### WORK TO BE COMPLETED
Reproduce exactly the lines below from the one containing "Le Creuset Signature" through the one containing "Main Image - Finn", including both, and nothing else.

(Beginning of MATERIALS PROVIDED)

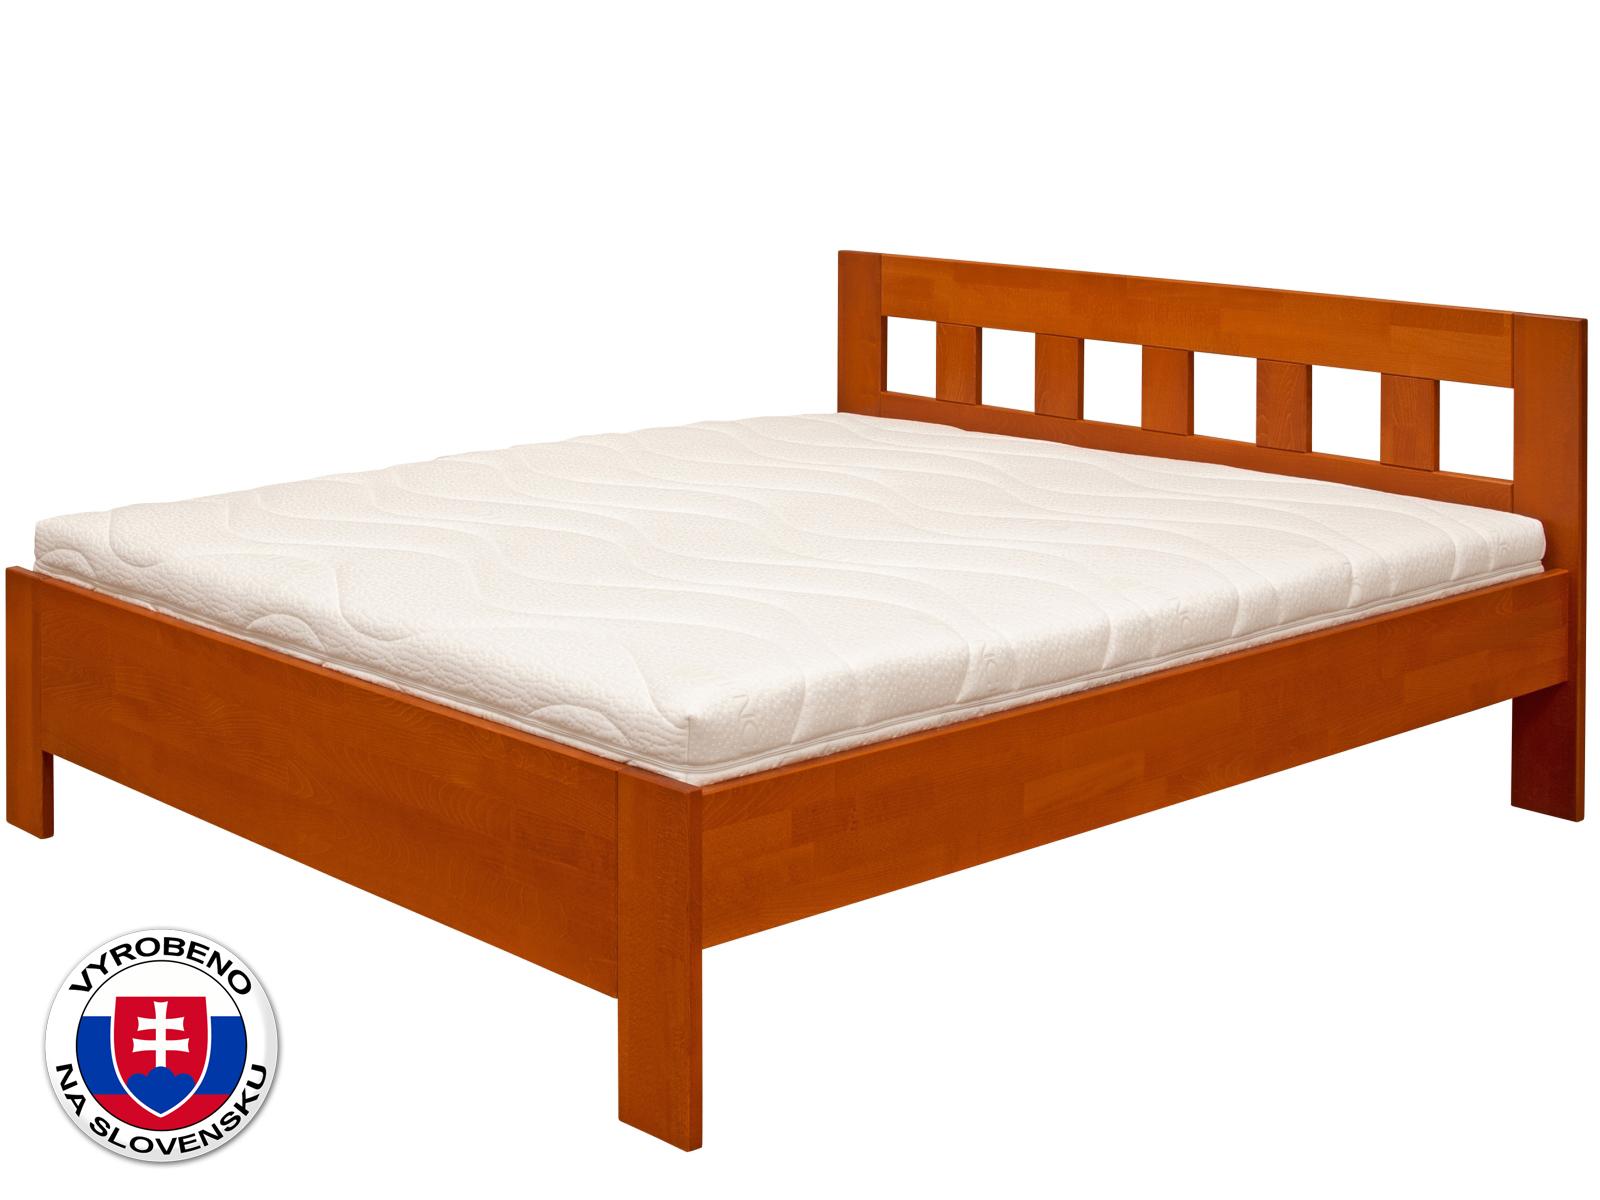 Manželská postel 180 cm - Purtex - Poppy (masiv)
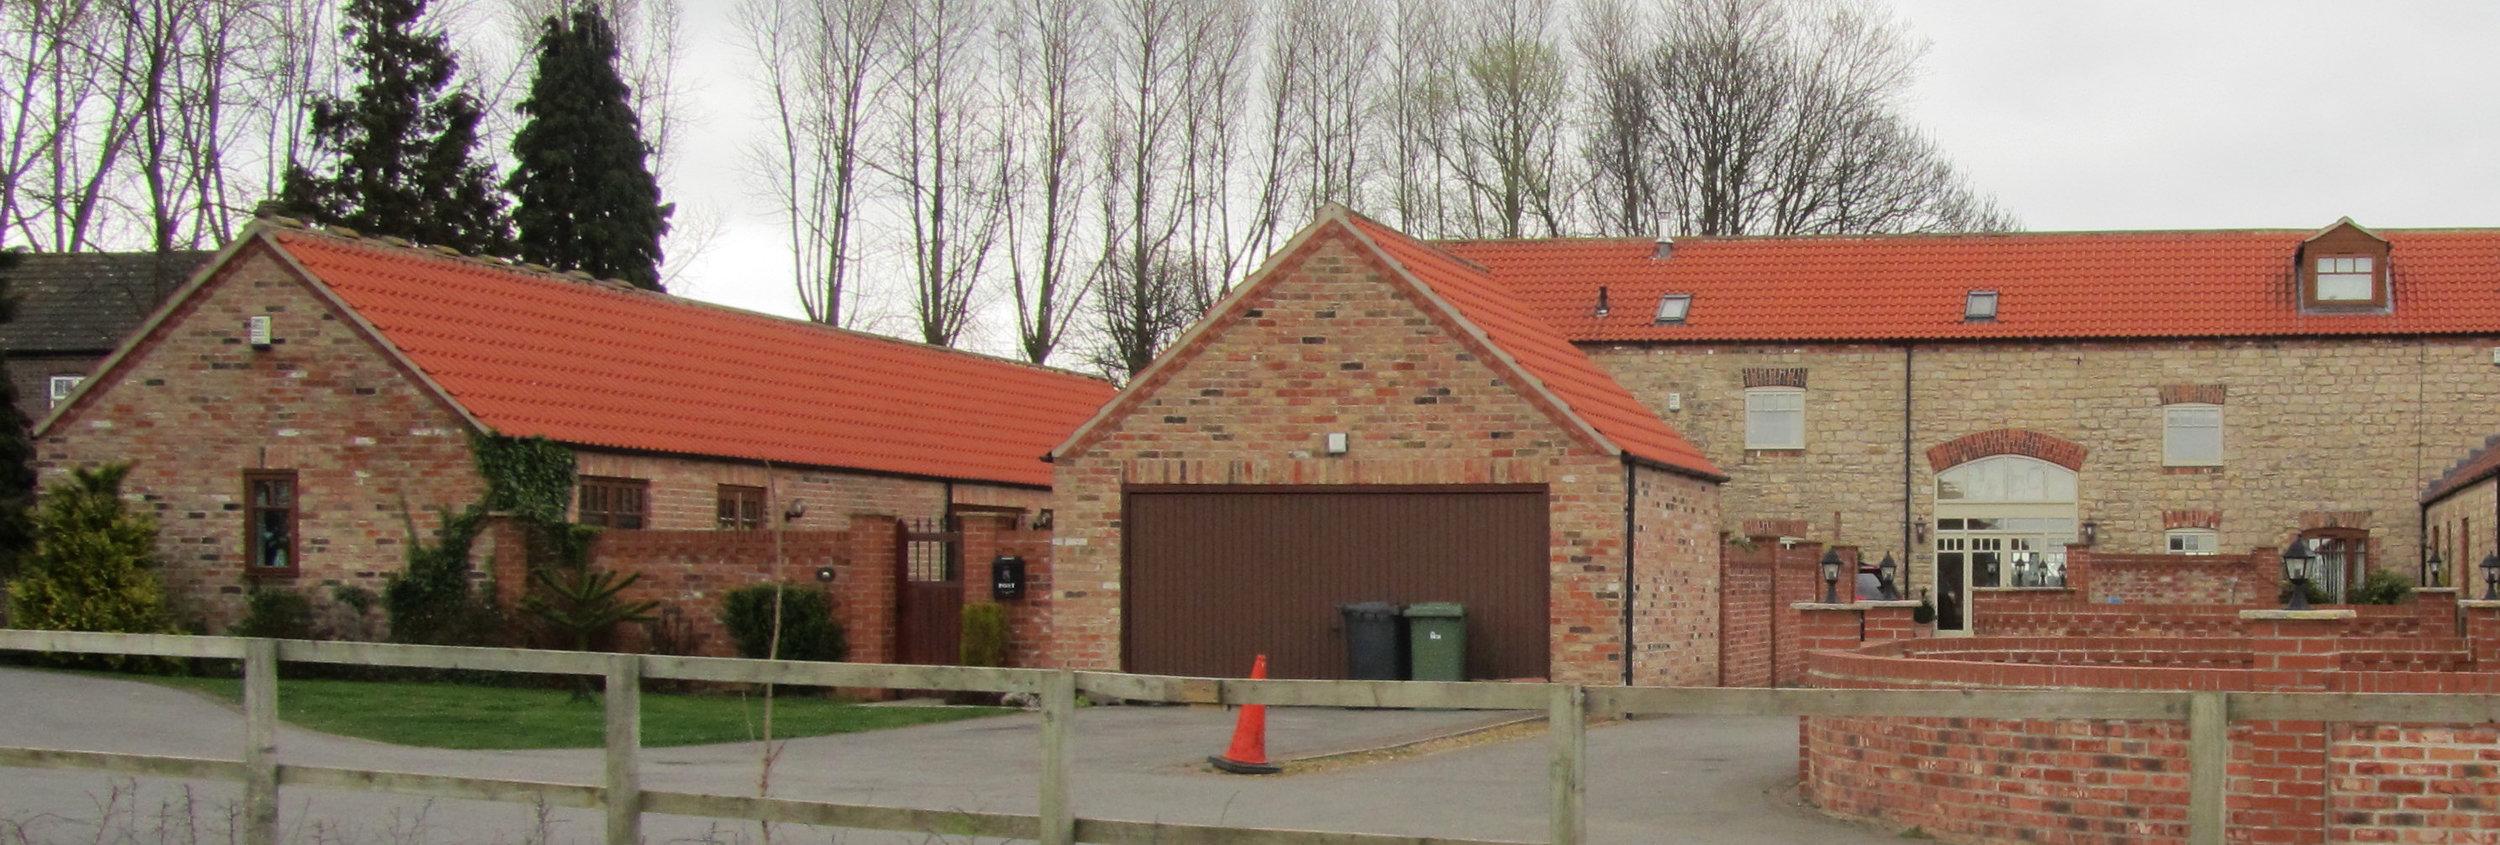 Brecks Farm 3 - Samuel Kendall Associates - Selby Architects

(End of MATERIALS PROVIDED)
(Beginning of MATERIALS PROVIDED)

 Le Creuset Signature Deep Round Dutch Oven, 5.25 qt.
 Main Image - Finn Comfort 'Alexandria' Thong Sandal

(End of MATERIALS PROVIDED)

### PROBLEM SOLUTION
 Le Creuset Signature Deep Round Dutch Oven, 5.25 qt.
 Main Image - Finn Comfort 'Alexandria' Thong Sandal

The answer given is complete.